This was my first year doing meet the teacher night in my current school and division; I taught middle school science here for three years, but moved up to upper school math last year. However, I did not attend meet the teacher night last year as I was on paternity leave.
So I needed something to do!
My school gives me 7-8 minutes with parents. I like to follow the following pattern, perfected with engineering projects in middle school:
- Give them an activity to work on. Have them work on it for a minute or two.
- Start talking about how the process they are doing connects to themes in the course.
- Get them to actually answer some questions and think as if they are students
- Bell rings. Profit!
The hard part is finding something that they can see enough of in 3 minutes to lead to a productive discussion about overarching themes for an entire year! But I found some, for geometry and statistics, and now I share them with you.

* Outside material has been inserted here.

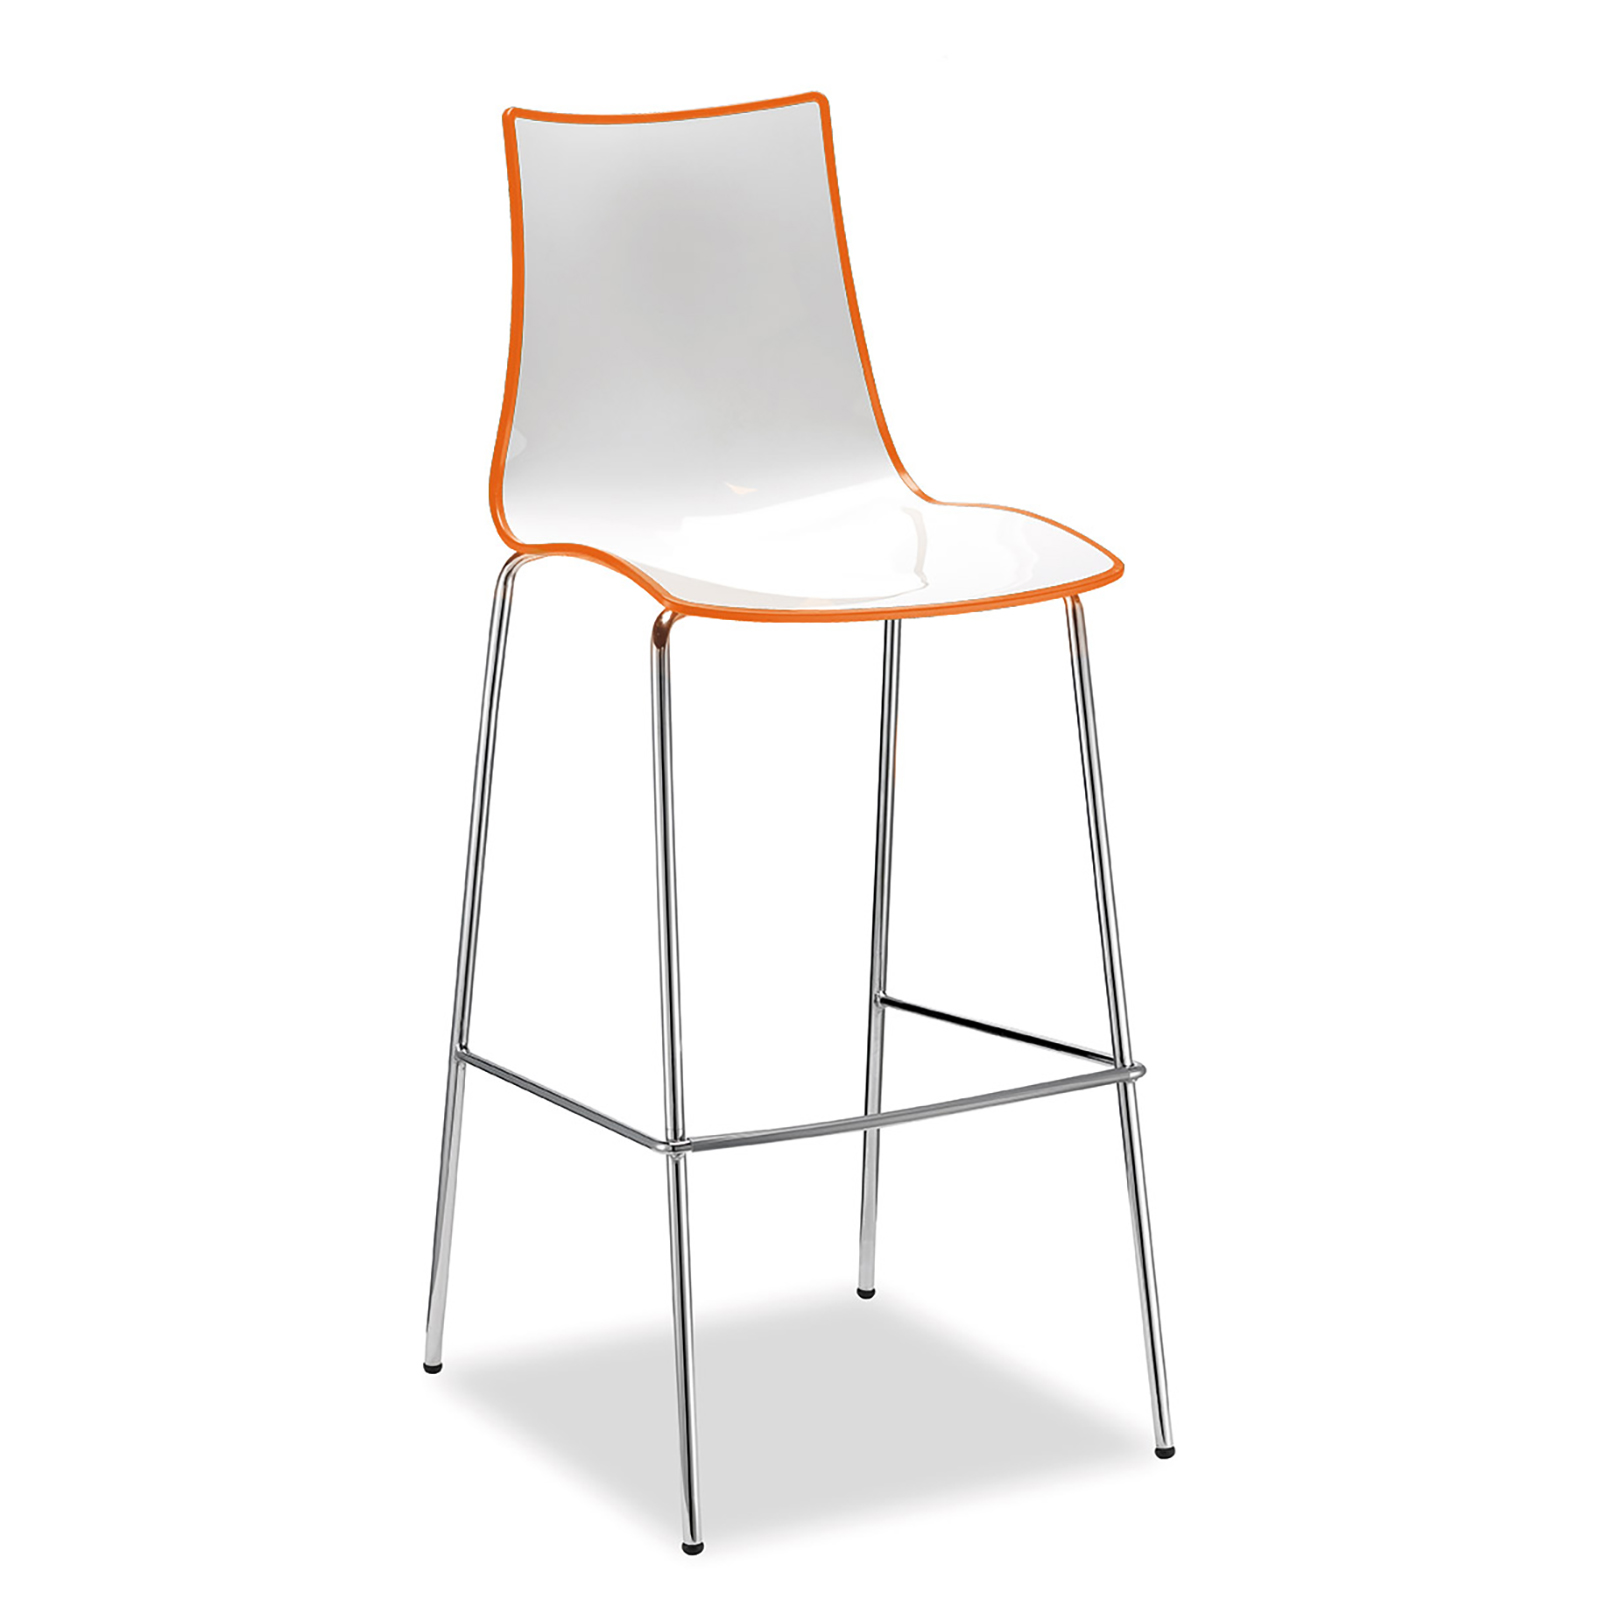 Gecko shell dining stool with chrome legs - orange

Geometry Class – Defining a Whatchmacallit
The pictures in this assignment, and the general idea, come from the Discovering Geometry textbook that used to be published by Key Curriculum Press. The questions are mine. What I like about this for meet-the-teacher night is that it allows you to see SEVERAL of the Habits of Mind (to use CME’s expression) that I emphasize in geometry – looking for commonalities / invariants, looking for differences, looking for “loopholes”, finding counterexamples, analyzing other answers. It goes on and on. My most interesting takeaway here was how much better adults are at writing minimal definitions – every adult who shared gave me the simplest possible definition – a shape with one of those triangly things inside – that works. I had exactly one student out of 30 give me that definition. The rest of the definitions all mentioned the things that were allowed but not required, which adults did not do. Interesting!
Statistics – Hiring Discrimination in Airlines
In statistics, I decided to do one of the earliest activities from my text – Hiring Discrimination. This is great because it lets us get at the concept of statistical significance, and the idea of “how unlikely does it need to be for YOU to think they cheated?” – that is, the idea of p-values. The opinions on this one are strong!
Both of these worked really well. A win! I will probably do exactly the same thing next year, as it seemed positive across the board. Yay.